Poll: KZN ANC to get 73%

2014-05-06 00:00

THE ANC in KwaZulu-Natal yesterday downplayed the latest Ipsos election survey that predicted a significant increase in the support of the ruling party in the provincial elections tomorrow.

Other parties, however, have dismissed the poll, which predicted a drop in their support, as inaccurate and not reflecting the support they had in KZN.

Leading polling company Ipsos polled 3 730 respondents between February 20 and March 28 in its Pulse of the People study, which measured support from voters who were registered to vote.

It suggested 73% would support the ANC, a significant increase over the 62,9% the ruling party obtained in the province in the last general elections.

The survey’s error margin puts the ruling party’s result at a low of 68,9% in a moderate voter turn-out scenario.

The latest poll differs from a survey released earlier this year predicting that the ANC would obtain 56%.

The survey suggests the IFP will lose half of their voters and only receive 11% of the KZN vote, and it predicts the DA will become the official opposition with 12%, increasing its provincial support from the 9,15% garnered in 2009.

The survey also suggests that the NFP and EFF would both receive two percent while the Minority Front is expected to receive one percent and ACDP zero.

ANC provincial secretary Sihle Zikalala said the ruling party has not looked into the survey because it would cause them to lose focus on their election strategy ahead of tomorrow.

“The ANC would not like to comment on the detail, including the methodology and end-product of the survey.

“The ANC requests all the people of KZN to vote for ANC on May 7. We don’t want people to take it for granted that a particular party would win so we urge people to go and vote,” Zikalala said.

The IFP’s deputy chairperson, Albert Mncwango, accused Ipsos of never giving his party a favourable prediction for any election results.

“They have never been accurate as far as Inkatha predictions are concerned. We are not worried,” Mncwango said.

“In 1994 they said we would get less than 10% but we got more. So what makes them correct this time?,” Mncwango said, adding that in the 1999 elections the pollsters had predicted that the IFP would be removed from the political landscape.

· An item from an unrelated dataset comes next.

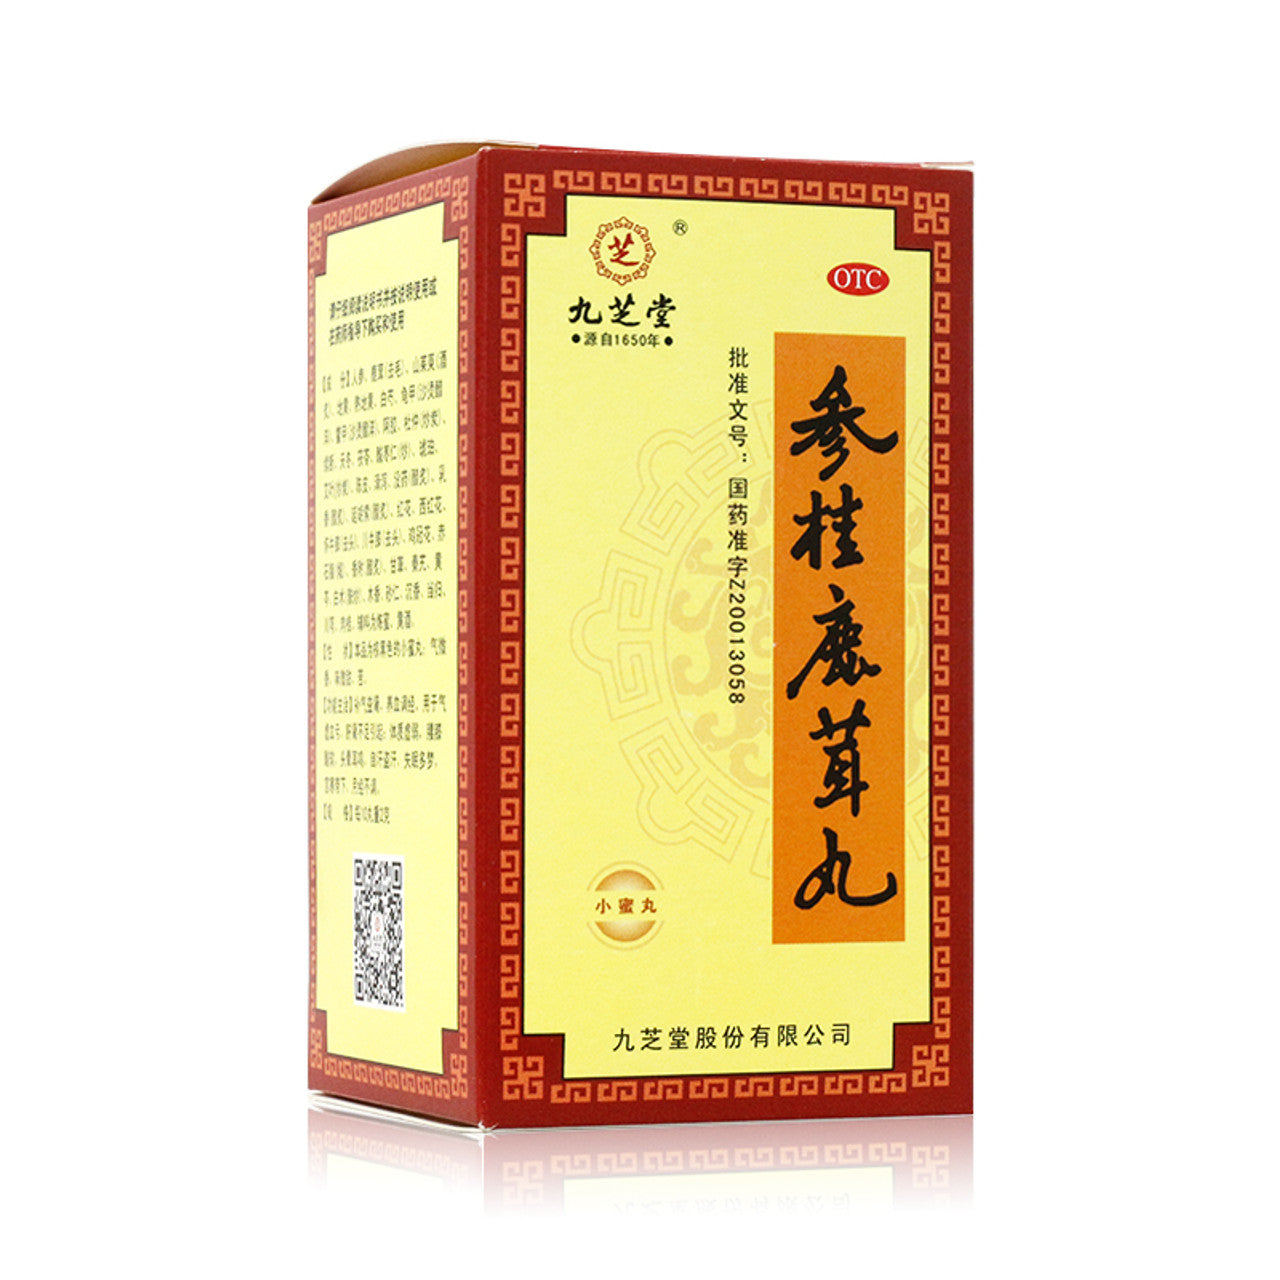 China Herb. Shengui Lurong Wan or Shengui Lurong Pills for weak physique, sore waist and knees, dizziness, tinnitus, spontaneous sweating, insomnia, dreaminess, cold kidney, cold uterine zone, irregular menstruation. Shen Gui Lu Rong Wan

Mncwango also said the IFP was working hard on the ground to win the support of voters.

“The support we get is overwhelming. We don’t want to be prophets of our performance,” said Mncwango when asked what the party hoped to get.

But the IFP’s national campaign committee chairperson Narend Singh told Weekend Witness that the party hoped to obtain at least 25% in KZN, up from the 22% they received in the last general elections.

EFF co-ordinator Vusi Khoza dismissed the survey, also questioning the methodology used.

“We don’t believe EFF will get less than 10%. We are working on the ground, talking to the people. We will surprise the pollsters,” Khoza said.

ACDP leader Joann Downs also questioned the sampling used in the survey, saying it was too small to reach an accurate conclusion.

Downs said her party had grown its structures and tripled its membership in the province.

“There is no chance that we are going to get zero percent,” she said.

The DA, Minority Front and the NFP could not be reached for comment.